Mock Warrior Interview: Millie

217 38 24
                                    

So I've noticed that many people have extreme hate for Millie. I get it. I really do. So I made this for you guys <3 It's not quite an interview, but I think I got Millie down pat. She's kinda dumb. And annoying. And honestly quite useless and oblivious. Seriously she caught, like, two pieces of prey and Greystripe was in love. Seriously we need a new Silverstream... 

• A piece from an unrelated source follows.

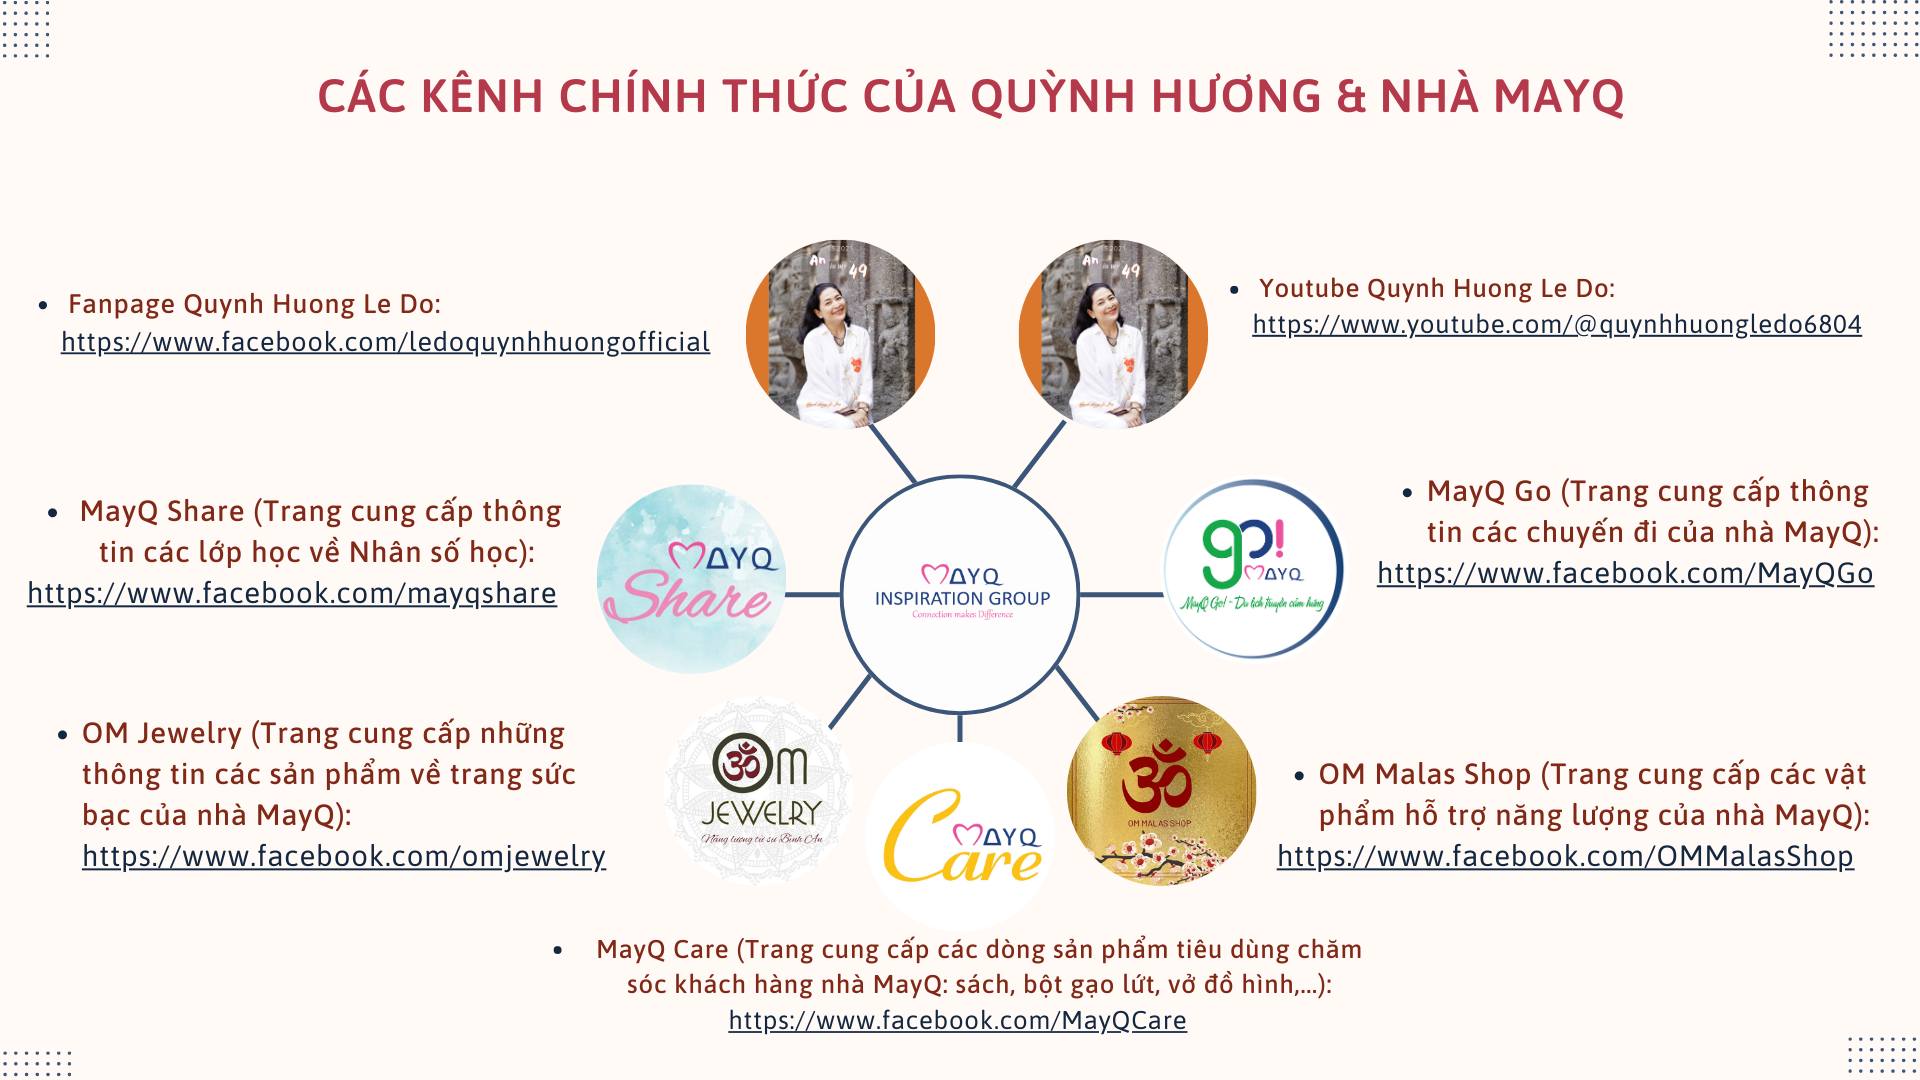 Với việc nội dung của Quỳnh Hương được đăng lại mà không có sự cho phép, chúng mình xin liệt kê các kênh chính thức của QH và nhà MayQ

Half of this was written during my psychology class so I have no idea whats happening now. Oops.

~Blaze

--Disclaimer: This is a strange collaboration of exhaustion and coffee pills. Please don't mind the ramblings of my mind. Just take from the description that it is very VERY easy to twist your words to make out a character to be elegant and suave, and another to be scraggly and weak. Even warrior cats. Although this one is over the top. Like I said. College. Agh--

The stage grows dark as the auditorium quiets down. Cat calls and mews slow to a silence as the curtains pull open, revealing a pitch black stage. As the audience stares, a circular floodlight flicks on, shining directly on a familiar, gorgeous, brown mottled she-cat. She sits perched on a blood red sofa, eyes closed and face tilted to the side, the light illuminating the stark white fur staining her chest and the intricate black stripes reaching out from the white to blend seamlessly with the brown of her outer coat. As she opens her eyes, the light shines onto her face, bringing out the flecks of dark amber in her golden irises.

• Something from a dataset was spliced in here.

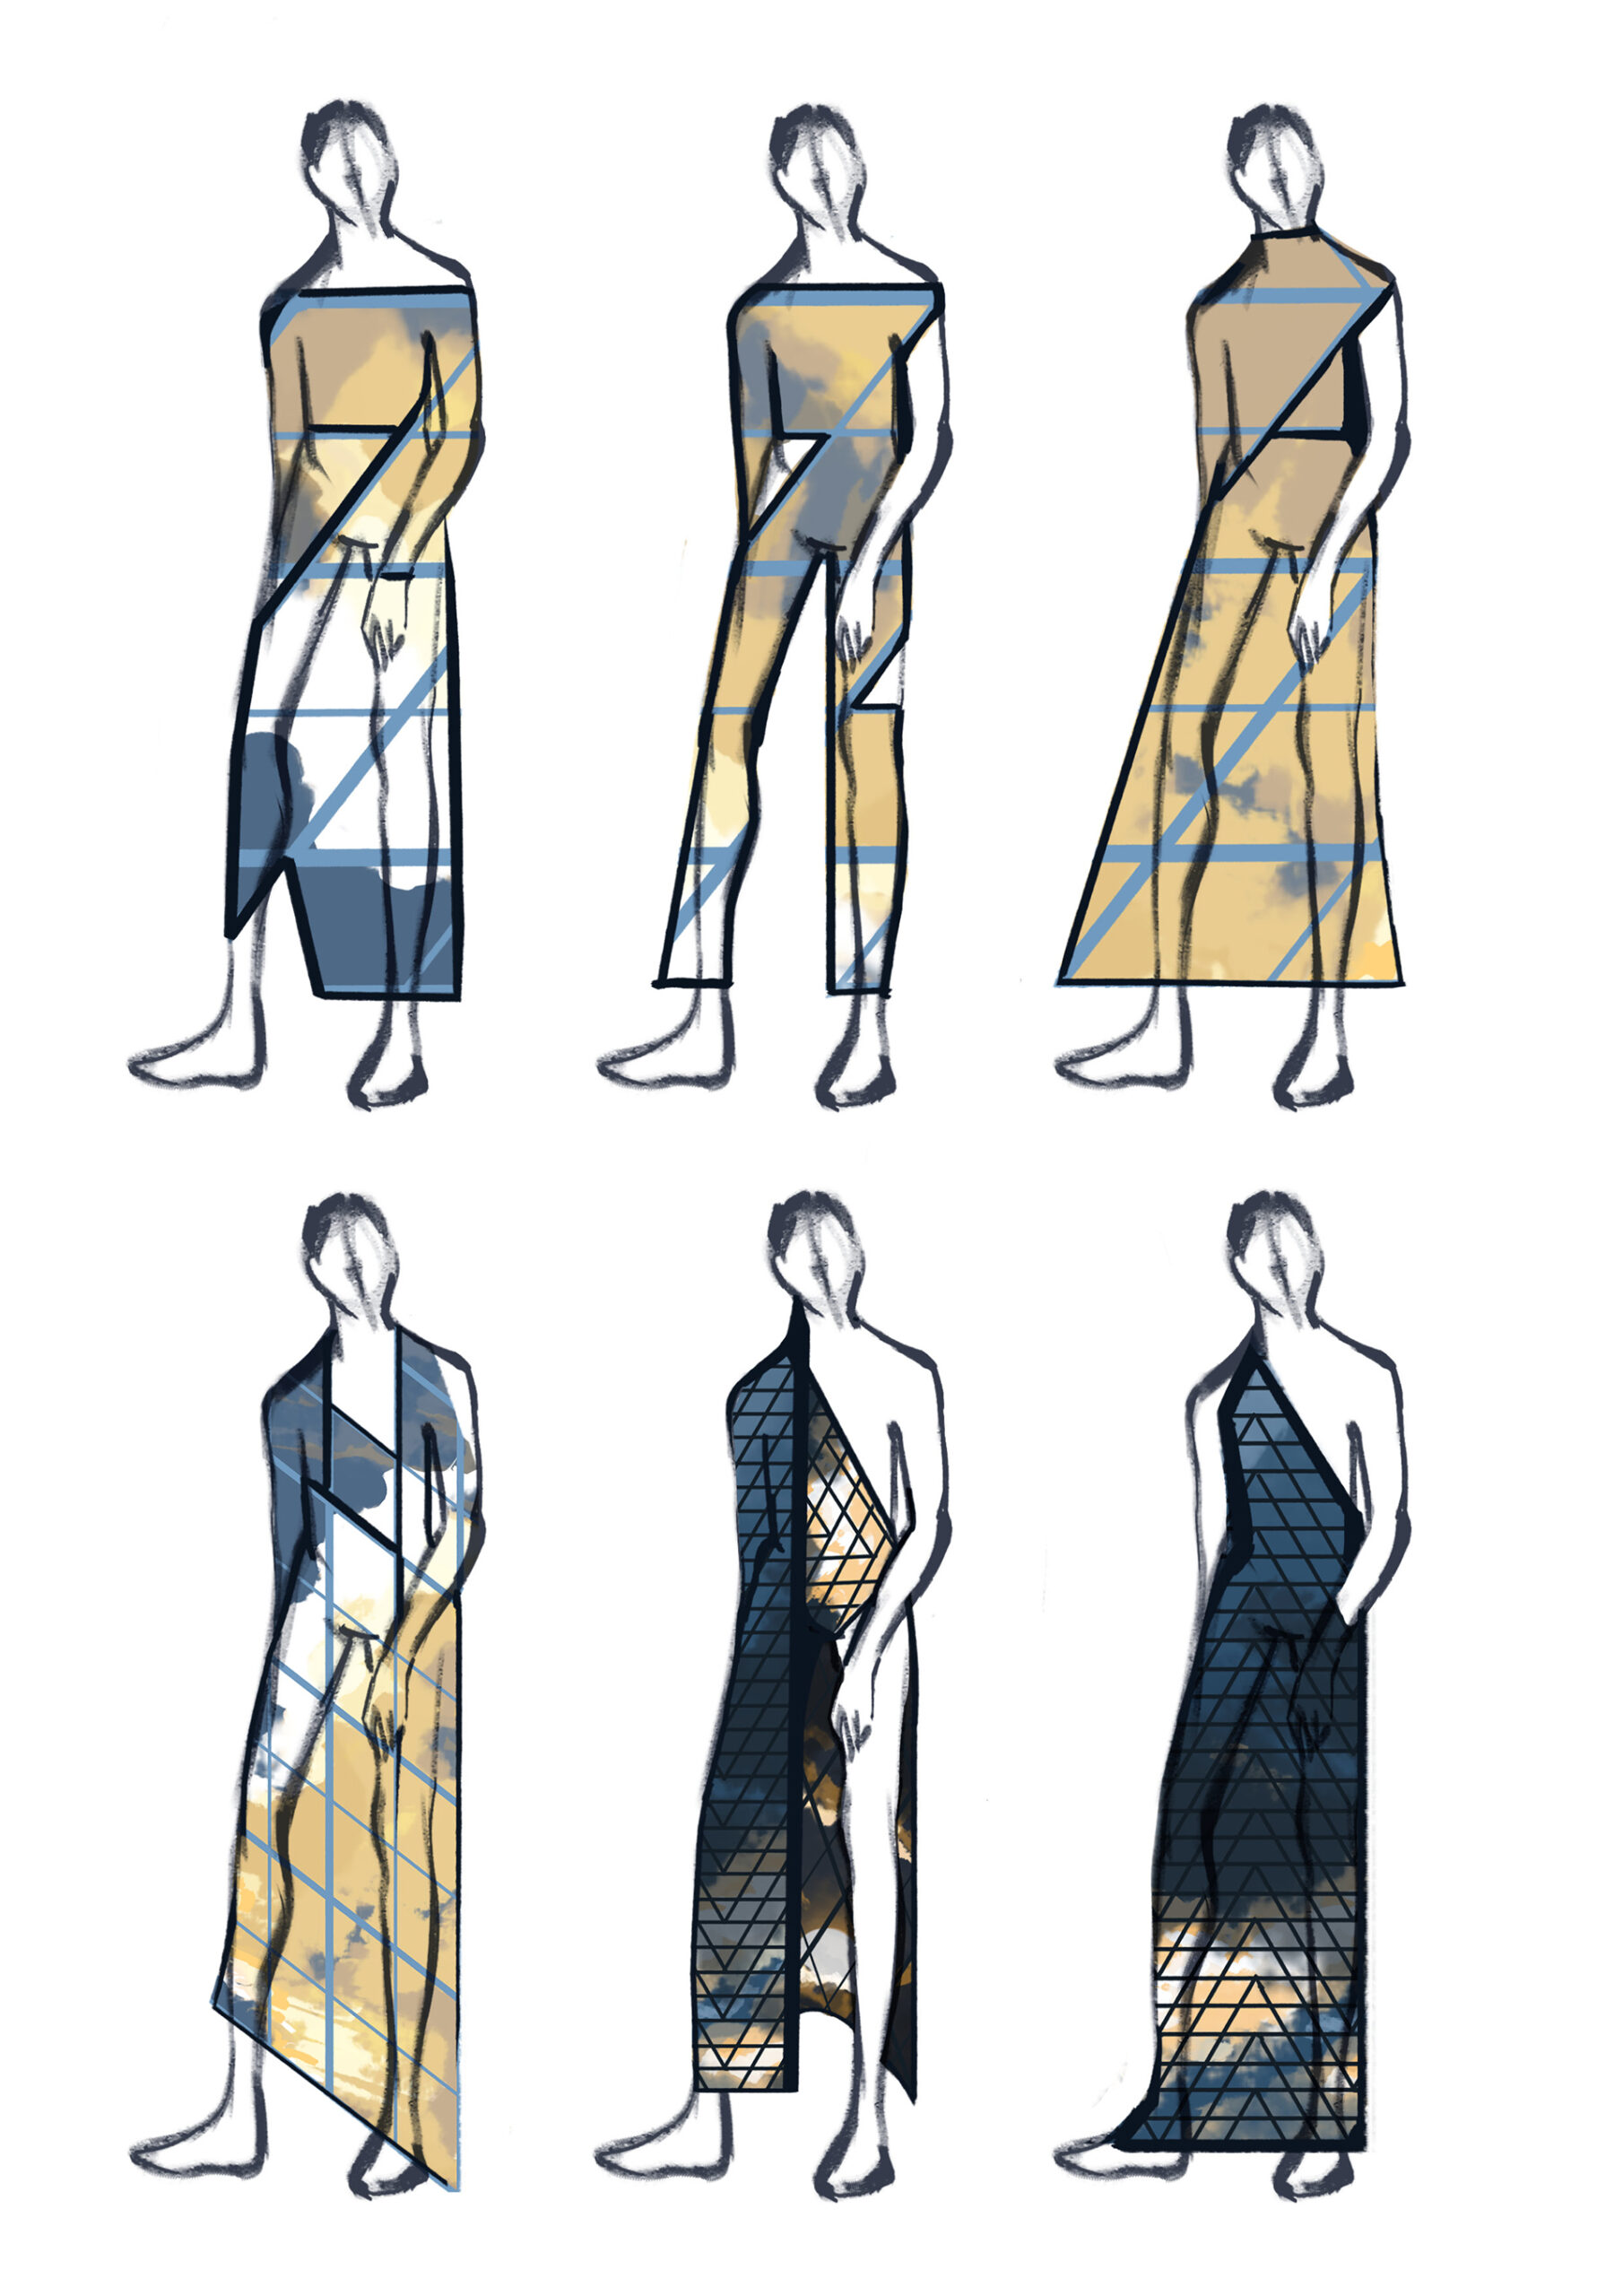 Zestaw sześciu narysowanych sylwetek w sukniach o geometrycznych kształtach i wzorach w odcieniach zgaszonej żółcieni i niebieskości.

The light intensifies for a brief moment. The she-cat shifts, tail flicking in the smallest of movements before a different spotlight flicks on, this time illuminating the pudgy, light furred tabby she-cat who is the center of this interview. Her blue eyes blink as the bright light is focused upon her, and her ears flick back in discomfort. One is torn, with jagged edges that are a surprise compared to her soft paws and innocent eyes.

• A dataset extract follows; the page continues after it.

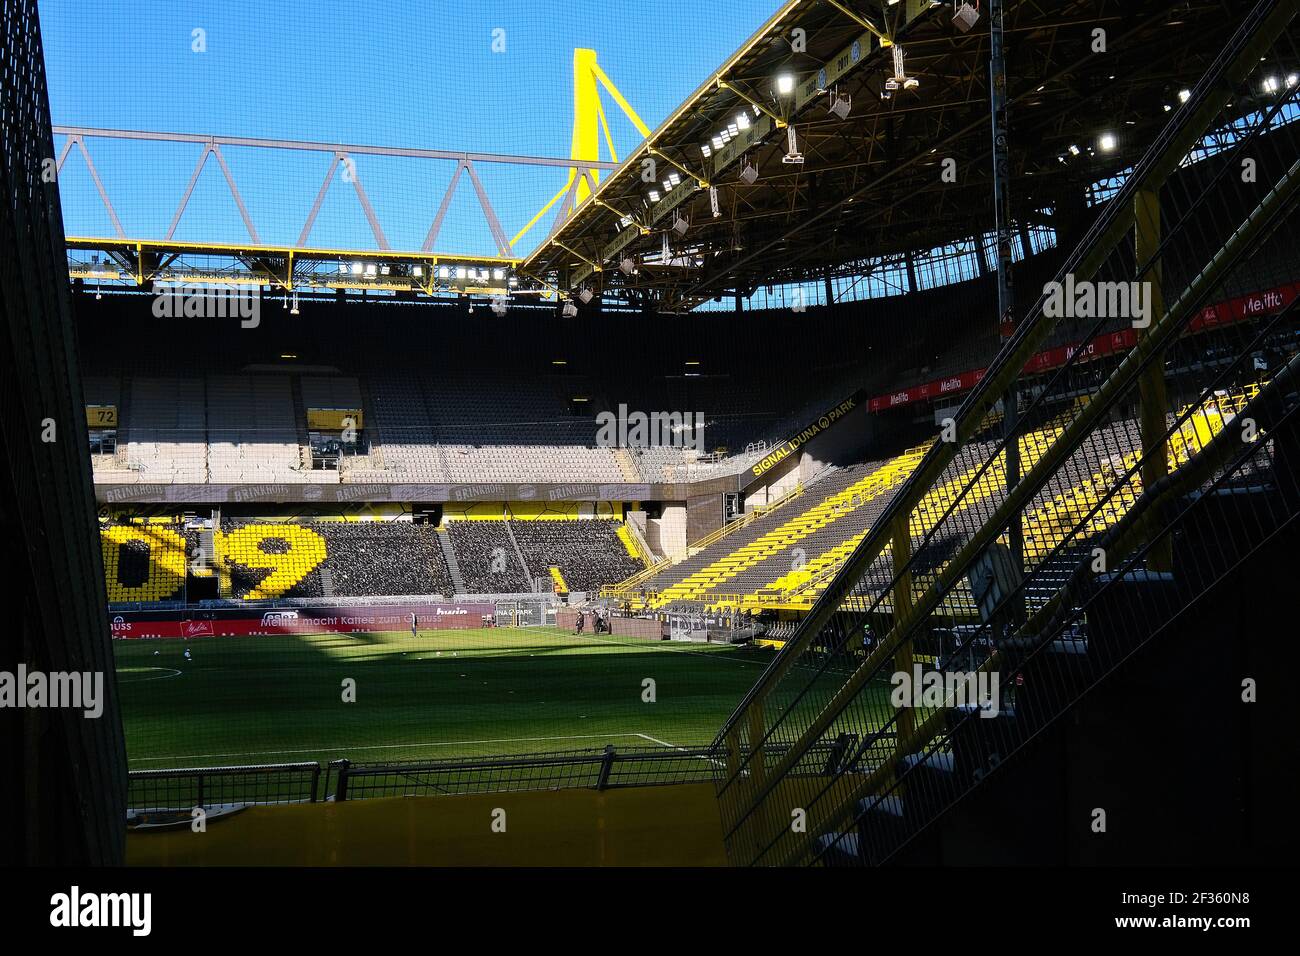 Le stade vide de Borussia Dortmund, signal Iduna Park. Anciennement connu sous le nom de Westfalenstadion. Dortmund, Rhénanie-du-Nord-Westfalia, Allemagne Banque D'Images

Blaze: Welcome to Millie's... interview...

Millie: Err... you said Briarlight would be here. Where is she?

Blaze: Oh, we will get there in due time.

Millie: Why does this feel like an interrogation?

Blaze: Because it is

Millie: O.O'

Blaze stared the tabby she-cat down, eyes calm. She watched in amusement as the growing silence made Millie nervous. Finally she began to speak.

Blaze: So, Millie, we want the answer to the most annoying character trait you possess. WHY do you constantly obsess over Briarlight?

Millie just blinks

Millie: Because she's my kit, duh.

Blaze lets out a little sigh

Blaze: Millie, darling, how many kits do you have?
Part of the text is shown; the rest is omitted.